Some time during the past week I thought about learning how to reduce the overall file size of postgreSQL test databases. It came as a minor annoyance over a 500 MB database backup file, which always took a while to restore when testing our apps locally. Apparently I was bothered enough that I decided to look over all the data to see whether there was anything unnecessary that I can purge.

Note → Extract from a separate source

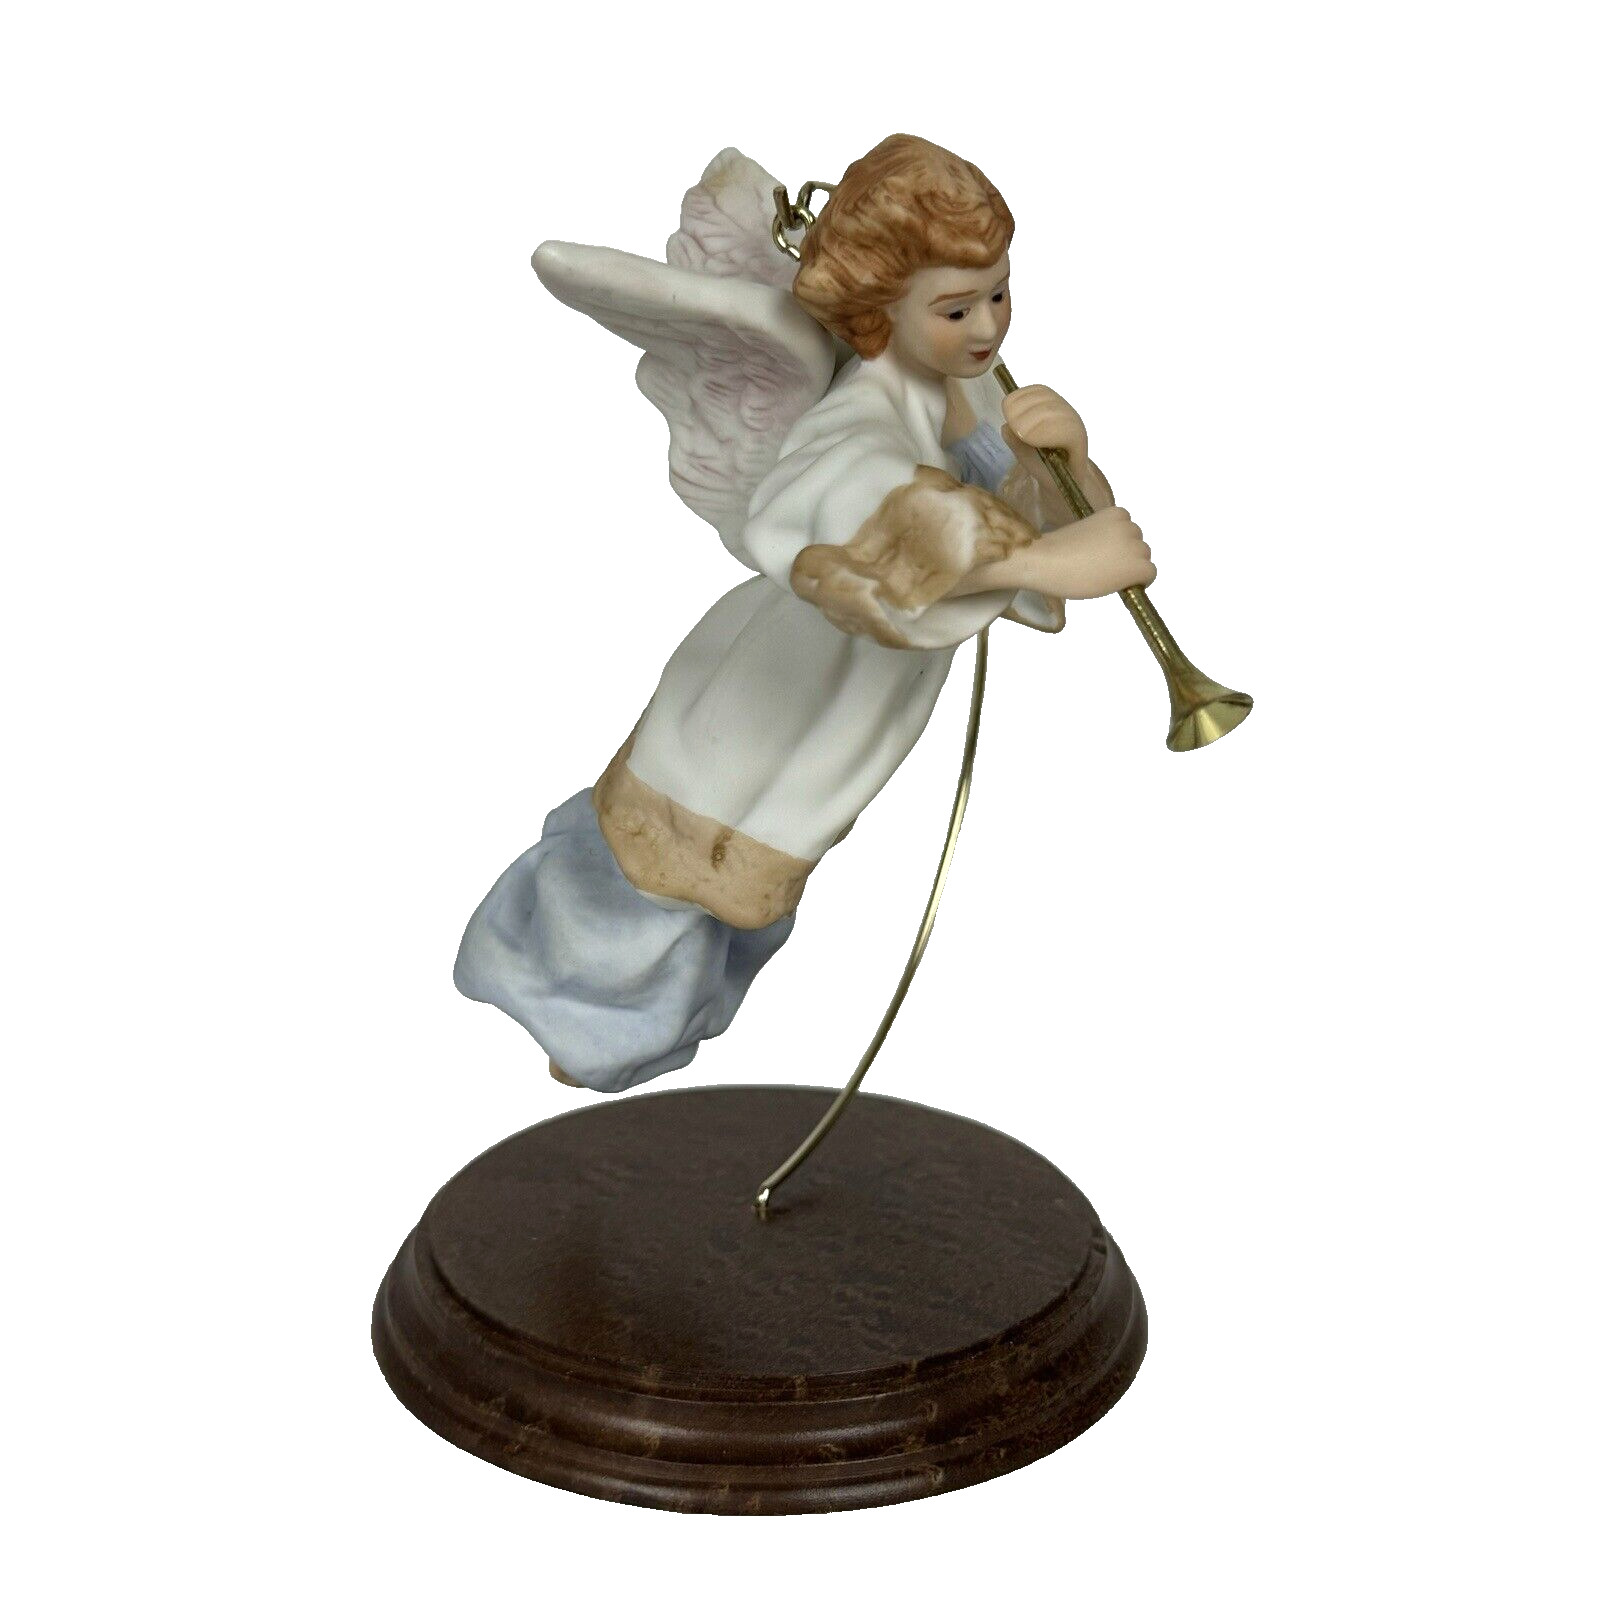 Hallmark 1985 Limited Edition Heavenly Trumpeter Angel Porcelain Ornament Stand

I ran DELETE commands in places where data did not seem needed:
DELETE FROM <database_table> WHERE <condition>;
But that alone, I found out, does not decrease the size of the database, let alone the size of the affected table. What did the trick was running two other commands after the initial delete instruction –
VACUUM FULL VERBOSE ANALYZE <database_table>;
REINDEX TABLE <database_table>;
– to which I was able to minimize our test database to 166 MB, at least 60% smaller than it was before. It turned out there were still tons of logs in there that we didn’t really want. The database restore process is now faster, plus I also learned more about our tables as I went through each of them.
Recently, I was asked by the Human Capital Management team at work for a list of specific requirements for our scrum master role. I obliged, and at the top of my head wrote the following:
A scrum master is someone who –
- has great written and verbal communication skills
- understands the software development process, has experience working with product managers and programmers; preferably with customers too
- well-versed in the practice of software testing, enjoys exploring systems, thinking in various perspectives, and putting on different sorts of hats
- delights in shouldering a support role to the software development team
- is a self-starter, regularly updates himself/herself on what’s happening in the software development and testing industry
- someone who takes pleasure in a bit of scripting / programming is a plus (Webdriver, Watir, Cypress)
It’s not an extensive list, and I may have gotten some of the details wrong about what skills scrum masters are supposed to have based on the ideal definitions that’s out there in the web, but it’s alright. These are just the things I initially thought would suffice, in the context of what I and my team does and experience most days. Our testers are scrum masters too, and I’m proud that so far we’ve been able to make stuff work on our end.
Scrum masters in other places probably need a dissimilar set of requirements, because those are what allows their systems and processes to be effective, and that’s just fine.